The Faraday Institution Entrepreneurial Fellowship programme supports researchers across the UK looking to create new businesses and commercialise battery technologies. These fellowships have been set up to facilitate the creation of new business opportunities that have emerged from Faraday Institution research programmes and elsewhere from the broader UK battery research community. The programme provides seed funding, business support and mentoring to maximise the potential of success and accelerate the spin-out process.

Read more about the application process, eligibility and funding available.
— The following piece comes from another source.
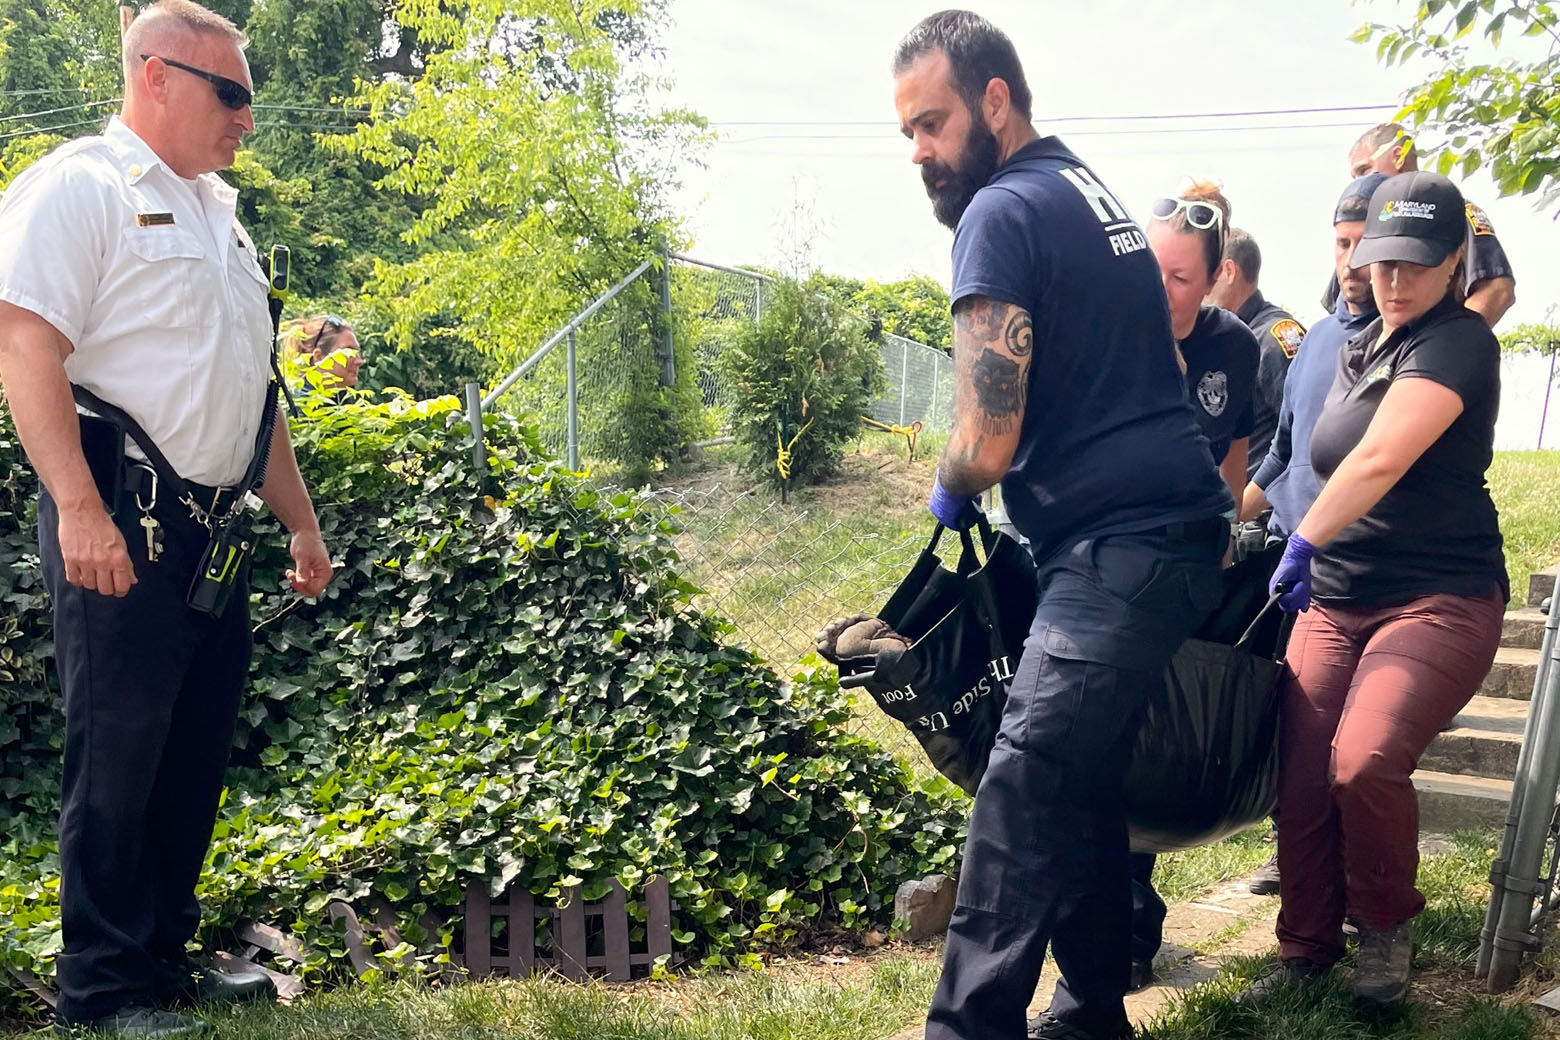 The bear was safely sedated and could soon be released into the wild. (Courtesy D.C. Fire and EMS)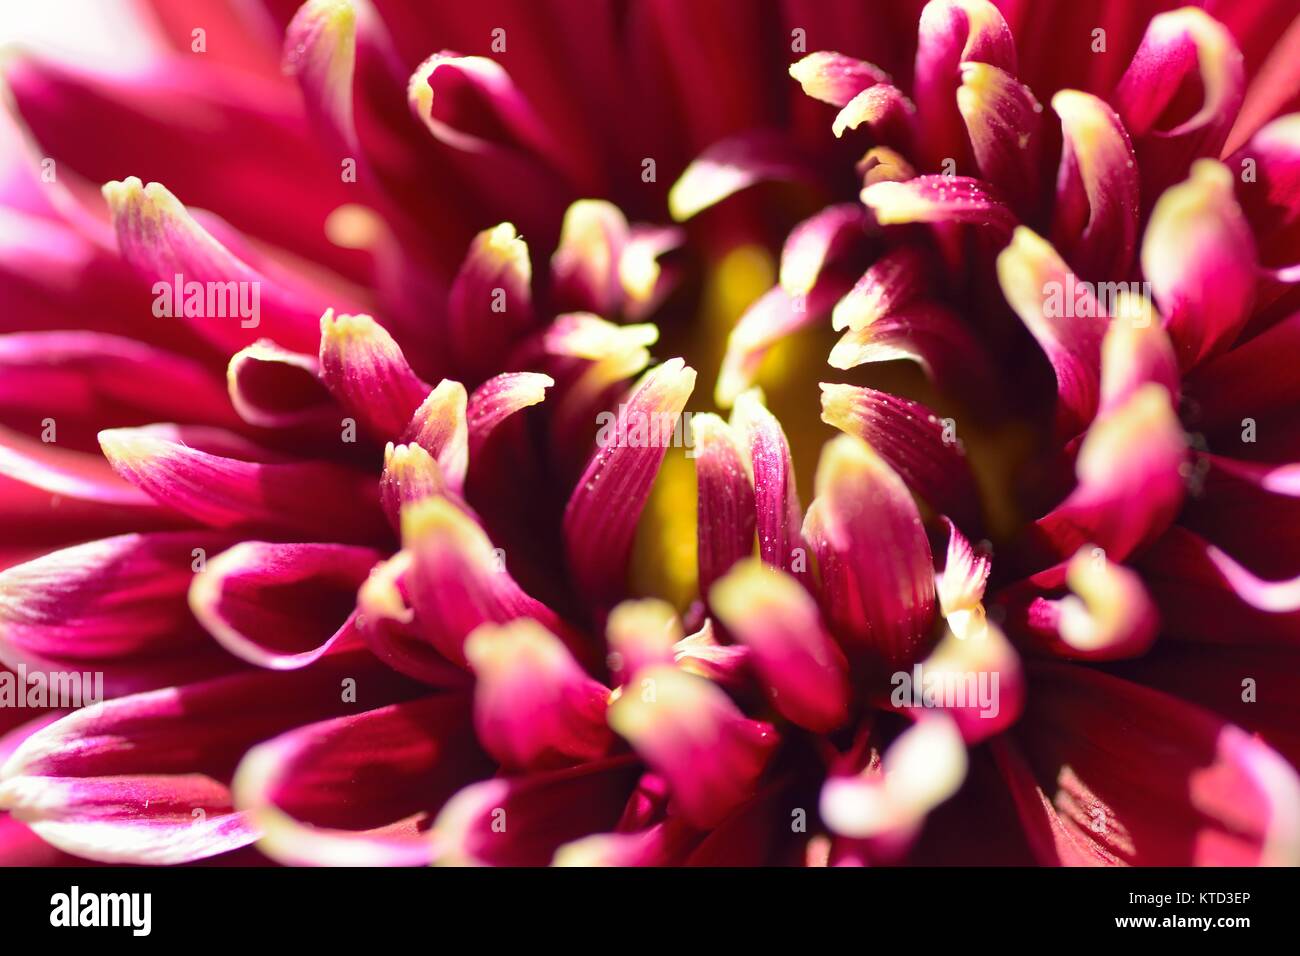 Macro texture of vibrant brown colored Dahlia flower petals in horizontal frame Stock Photo

Introducing our Entrepreneurial Fellows

Fellowships in Progress

Enough Energy

​​​Enough Energy is leveraging modular multilevel converter technology with batteries to develop a battery buffered EV charger enabling high-power EV charging from any location. ​​

IONETIC

Ionetic is developing and delivering a one-stop solution for battery pack design, test, and manufacture, leveraging vertical integration and its battery platform Arc, to achieve a cost savings of up to 90% in the development of automotive battery packs.

Molyon

As part of the LiSTAR project, researchers at the University of Cambridge have demonstrated the use of innovative lithiated metallic molybdenum disulfide nanosheets to increase the energy density of lithium-sulfur batteries. Spin-out Molyon has been set up to commercialise the IP-protected cathode material.

Recovolt

Recovolt is developing a cutting-edge battery discharge system deployed on end-of-life lithium-ion batteries to ready them for battery recycling, safely and at speed. The innovation addresses a productivity area that the recycling industry has identified as needing urgent action.

Taisan Energy

TaiSan Energy is developing a quasi-solid-state sodium-ion battery based on an innovative gel polymer electrolyte & a sodium metal anode. The entrepreneurial fellowship will allow the company to supply prototype pouch cells to customers for preliminary cell tests.

Ionworks

Ionworks is a battery modelling software startup built around the physics-based modelling software PyBaMM. The Fellowship is enabling it to ramp up development of professional interfaces to transform their prototypes into attractive, widely usable products.

Sention

Sention has developed a sensitive mapping technique that monitors reflected pulses of ultrasound to evaluate the physical properties of batteries with high special resolution. The Fellowship will allow a demonstration unit to be built.

Completed Fellowships

Illumion Illuminates the Inside of Batteries

A novel, low-cost technique for looking inside lithium-ion batteries and pinpointing potential defects is being commercialised to help speed up the development of promising new battery materials.

About Energy

About:Energy was set up to help commercialise the battery modelling capability developed by the Faraday Institution’s Multi-scale Modelling Project. The company aims to facilitate the use of battery modelling by UK industry, increasing the speed of battery prototype development and giving the organisations it works with a competitive advantage.

Cognition Energy

Cognition Energy is taking a physics-based approach to developing high performance batteries with a particular focus on thermal management to extend life and reduce cost of ownership.

Gaussion

This fellowship aims to propel a patented charging-enhancing technology with demonstrated charging time reductions of over 60% into commercial battery applications, from cordless power tools to electric vehicles.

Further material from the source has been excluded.